Reproduce the whole listing exactly, omitting any picture it holds.

**Raw data:**
= Beginning of Section =
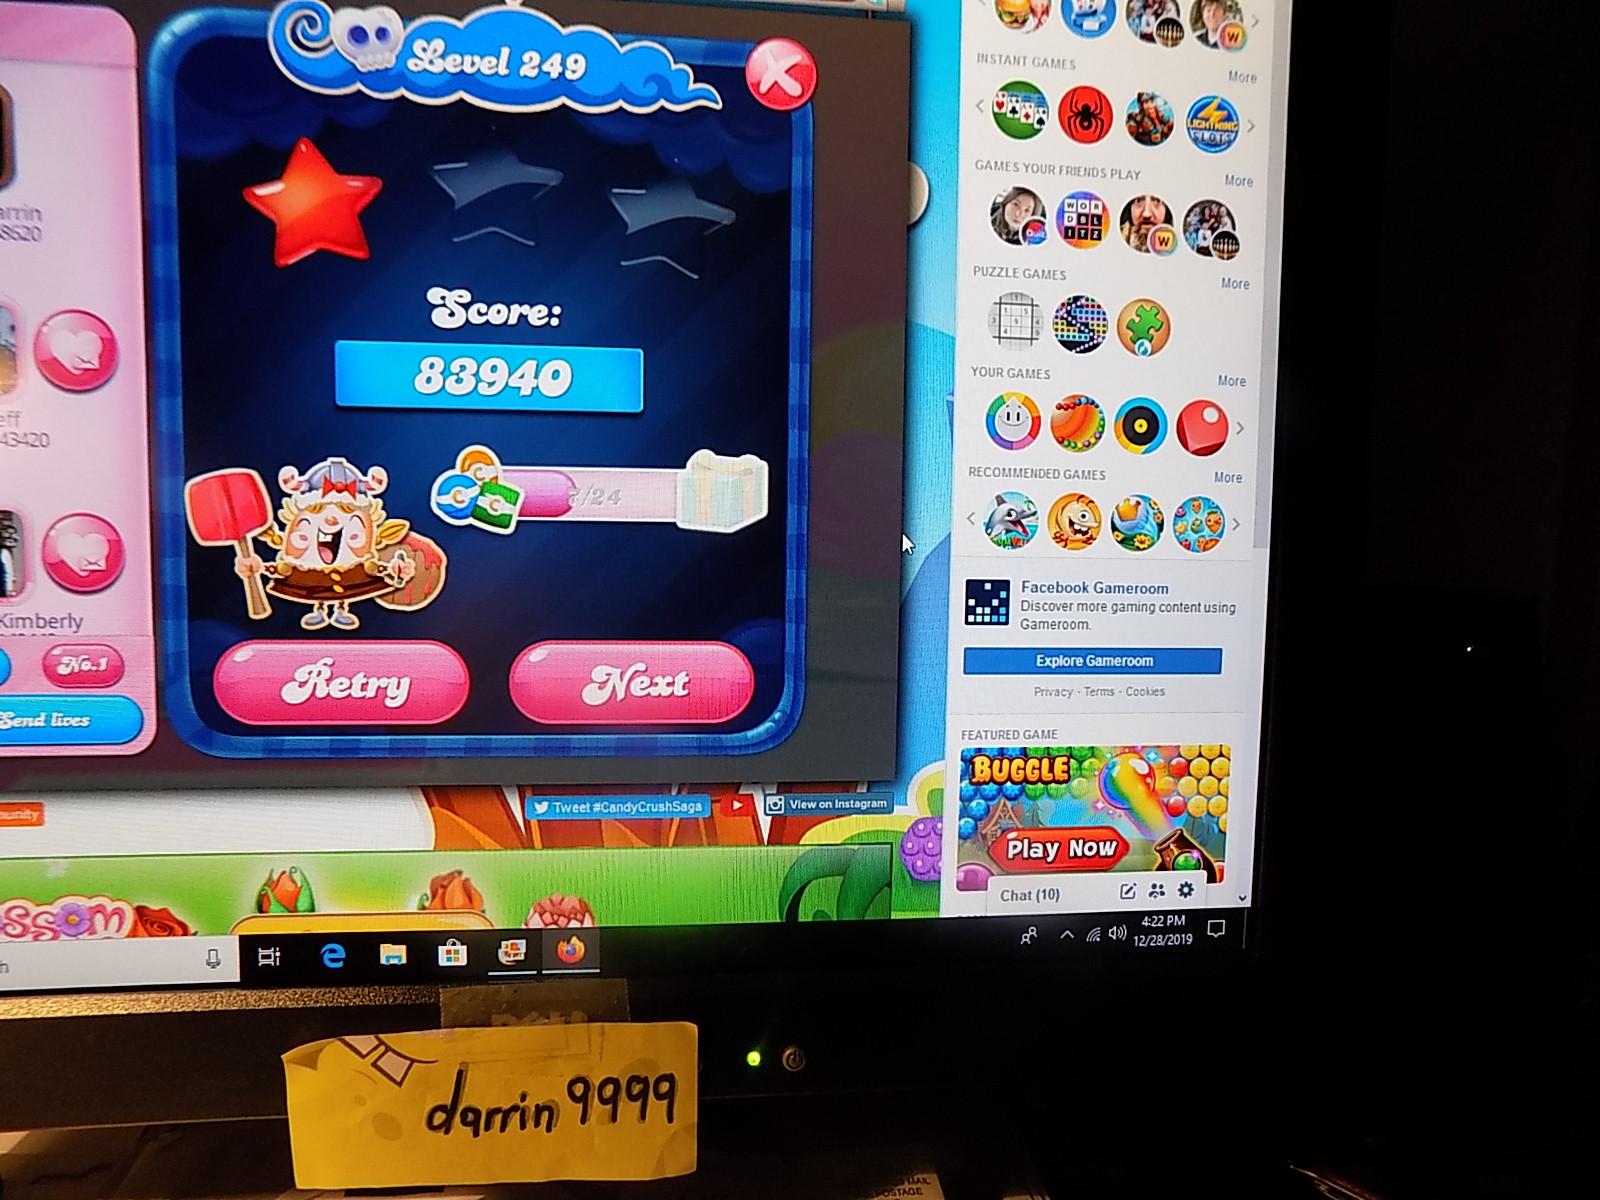 darrin9999: Candy Crush Saga: Level 249 (Web) 83,940 points on 2019-12-29 06:35:47
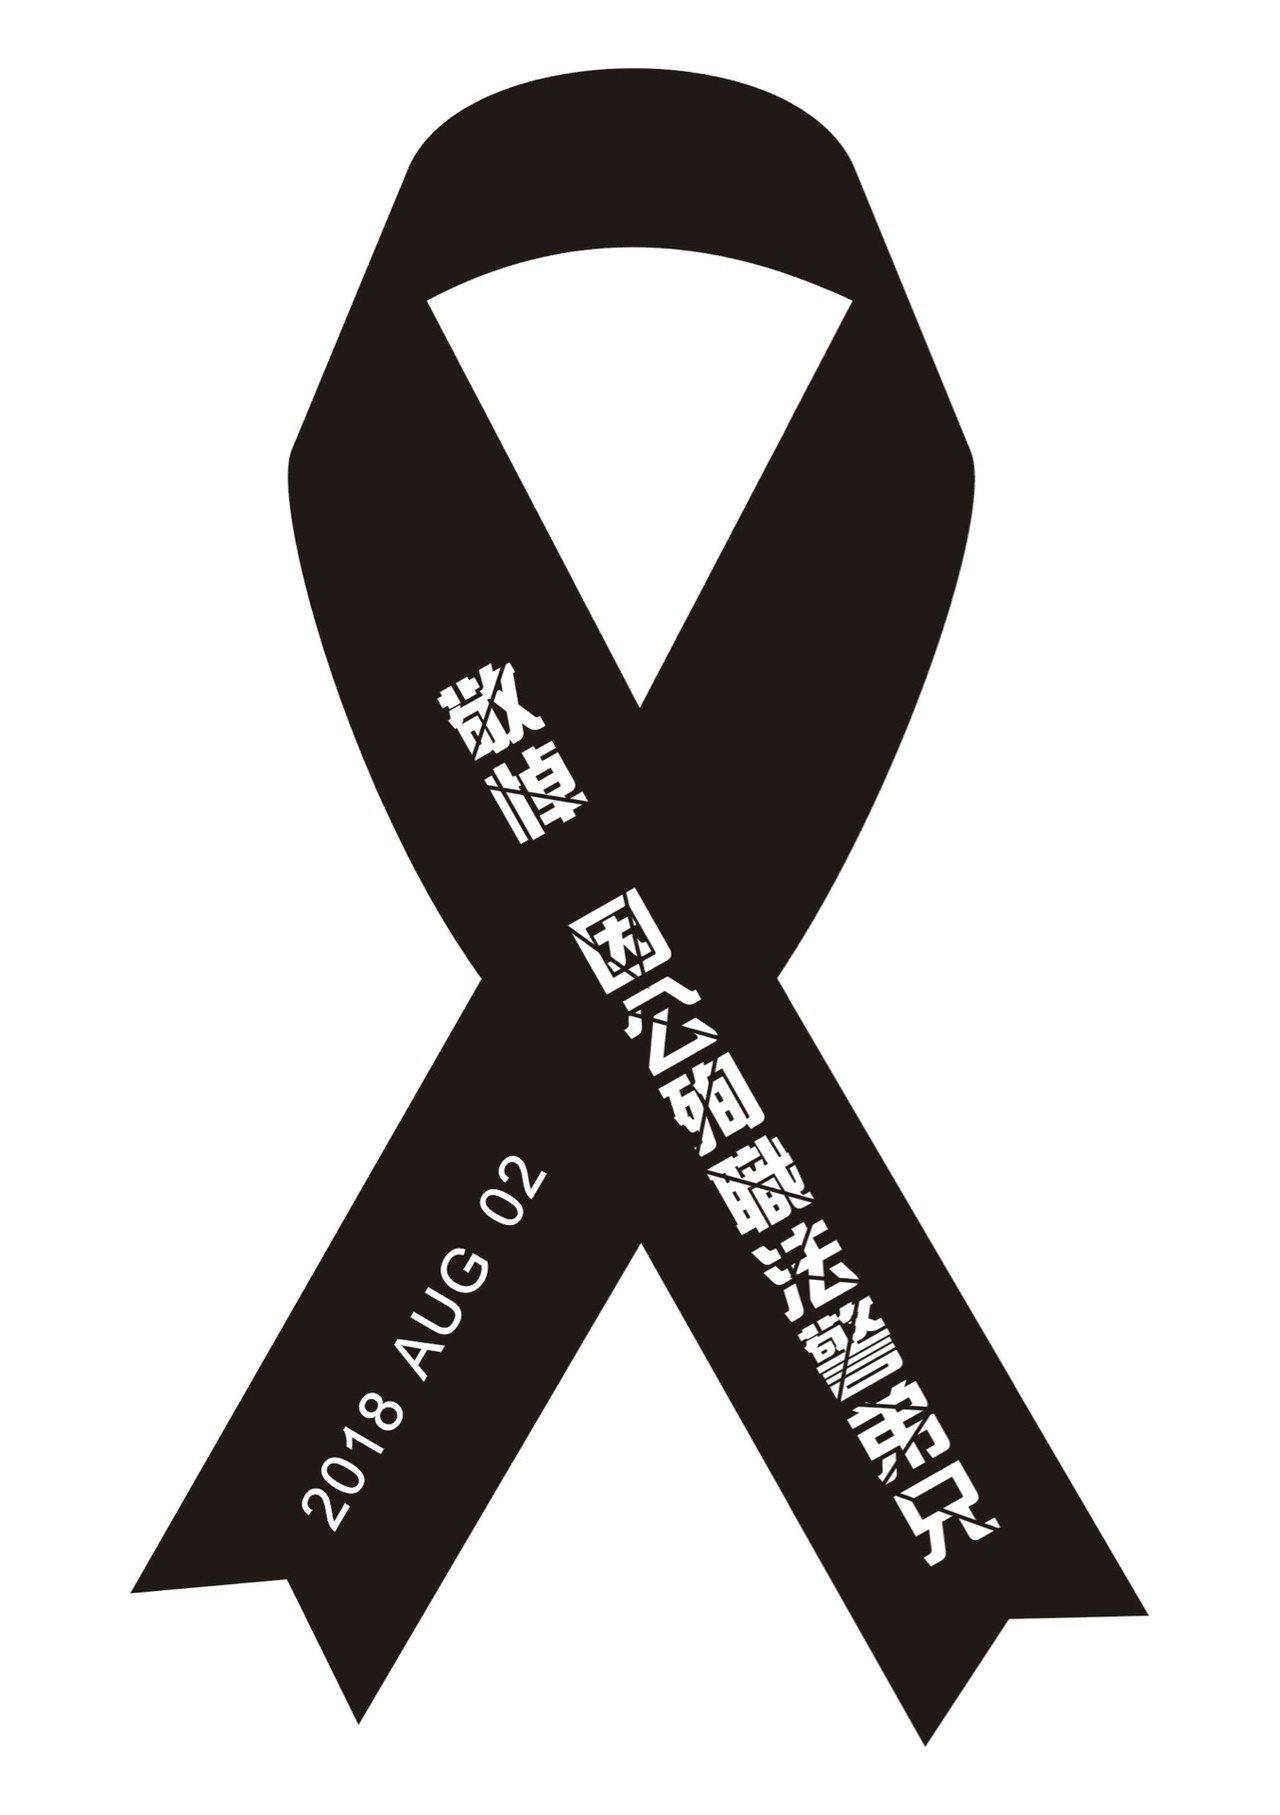 台灣法警工會在臉書社群發起「敬悼因公殉職的法警弟兄」活動。圖/台灣法警工會提供
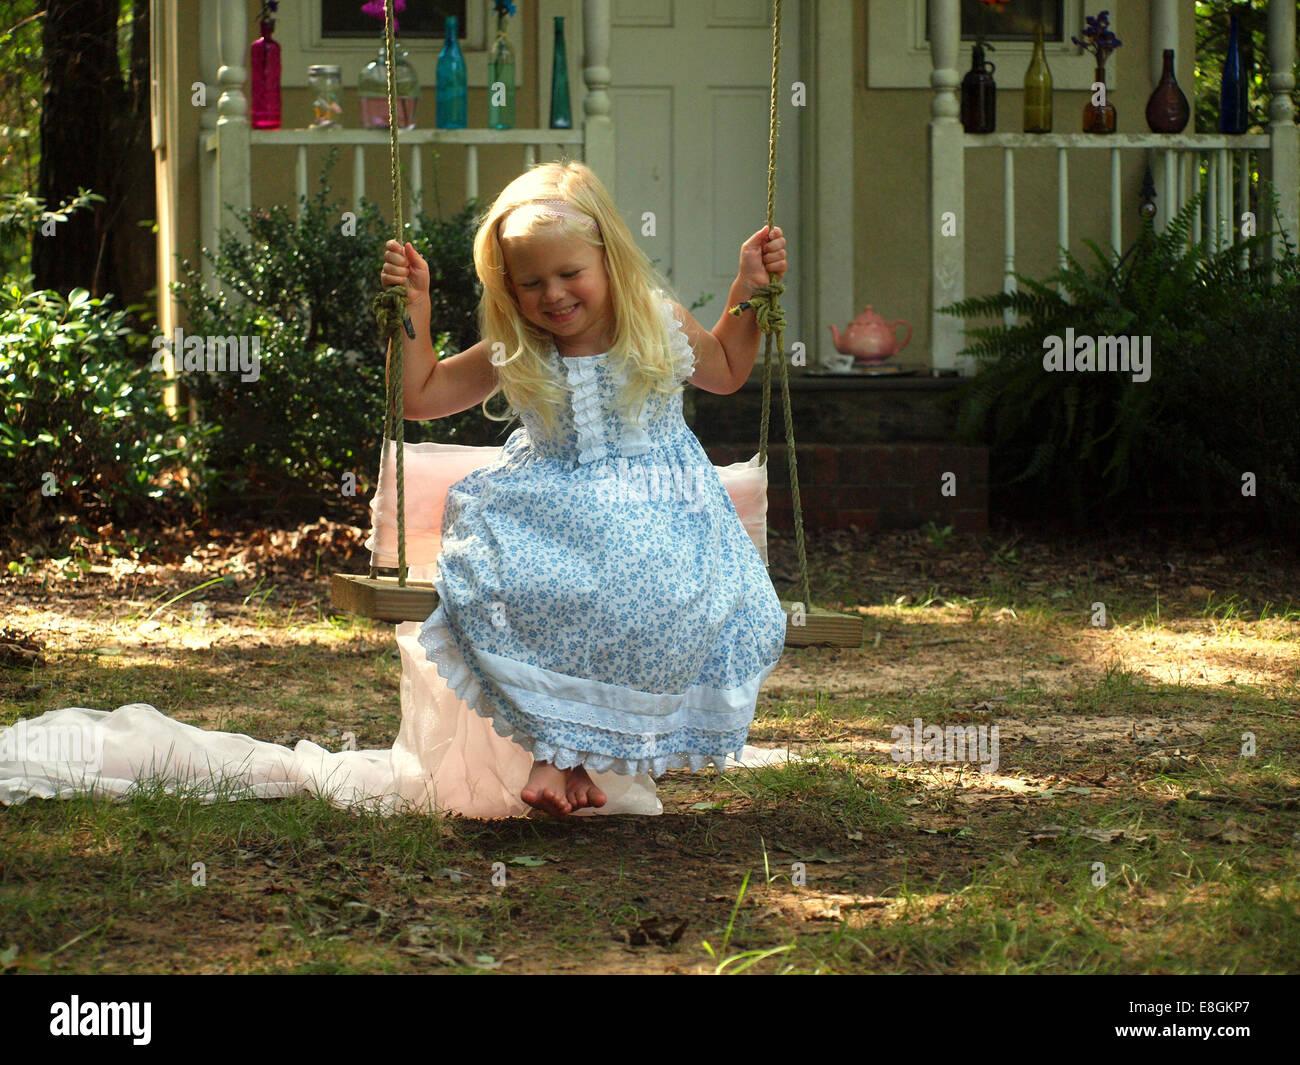 Statesville, Iredell County, North Carolina, Stati Uniti d'America felicemente oscillante Immagini Stock
= End of Section =
**Exercise solution:**
 darrin9999: Candy Crush Saga: Level 249 (Web) 83,940 points on 2019-12-29 06:35:47
 台灣法警工會在臉書社群發起「敬悼因公殉職的法警弟兄」活動。圖/台灣法警工會提供
 Statesville, Iredell County, North Carolina, Stati Uniti d'America felicemente oscillante Immagini Stock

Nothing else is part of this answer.